The thrilling new Sherlock series is a fast-paced, witty take on the legendary crime drama, now set in present day London and starring Benedict Cumberbatch ("Atonement," "The Last Enemy") as the eponymous detective. Martin Freeman ("The Office" - UK, "Hot Fuzz") plays his loyal friend, Doctor John Watson, and Rupert Graves ("God on Trial," "The Forsyte Saga") is Inspector Lestrade. Co-created by Steven Moffat ("Doctor Who," "Coupling," "Jekyll") and Mark Gatiss ("The League of Gentlemen," "Crooked House"), the iconic details from Arthur Conan Doyle's original books remain: same address, same names—and somewhere out there, Moriarty is waiting.
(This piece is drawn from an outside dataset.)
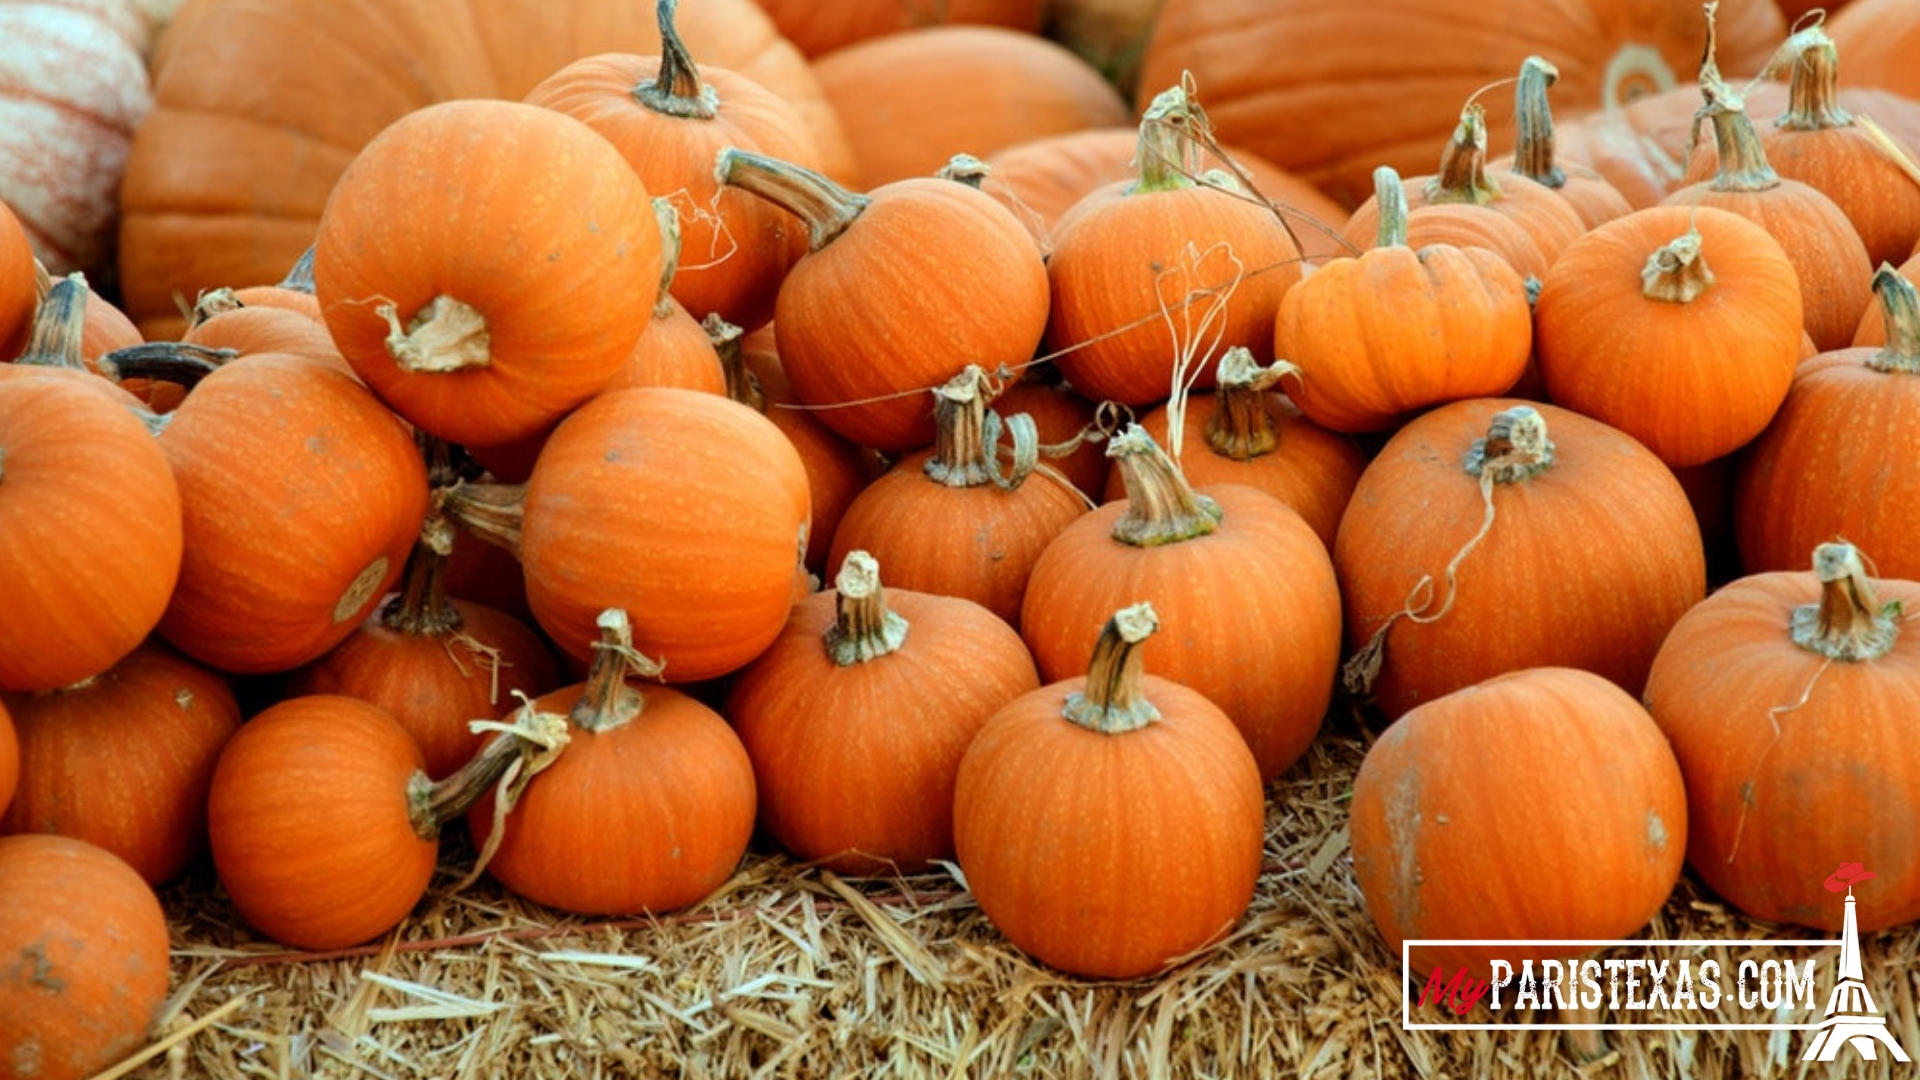 Pumpkin Patch Opening Day and Farmers Market || Lee's Christmas Tree Farm - MyParisTexas

Rufus Sewell ("The Eleventh Hour," "Middlemarch," "John Adams") will star as Italian detective Aurelio Zen in three episodes based on the popular mysteries by Michael Dibden. The series is being shot on location in Italy by Left Bank Pictures, the production company behind the acclaimed Wallander television series.

"Upstairs Downstairs" is a BBC/Masterpiece co-production; "Sherlock" is a Hartswood Films (Jekyll, Coupling) and Masterpiece co-production; Aurelio Zen is produced by Left Bank Pictures for the BBC in association with RTI (Mediaset Group), Masterpiece and ZDF with additional funding from BBC Worldwide, Ingenious and Lipsync.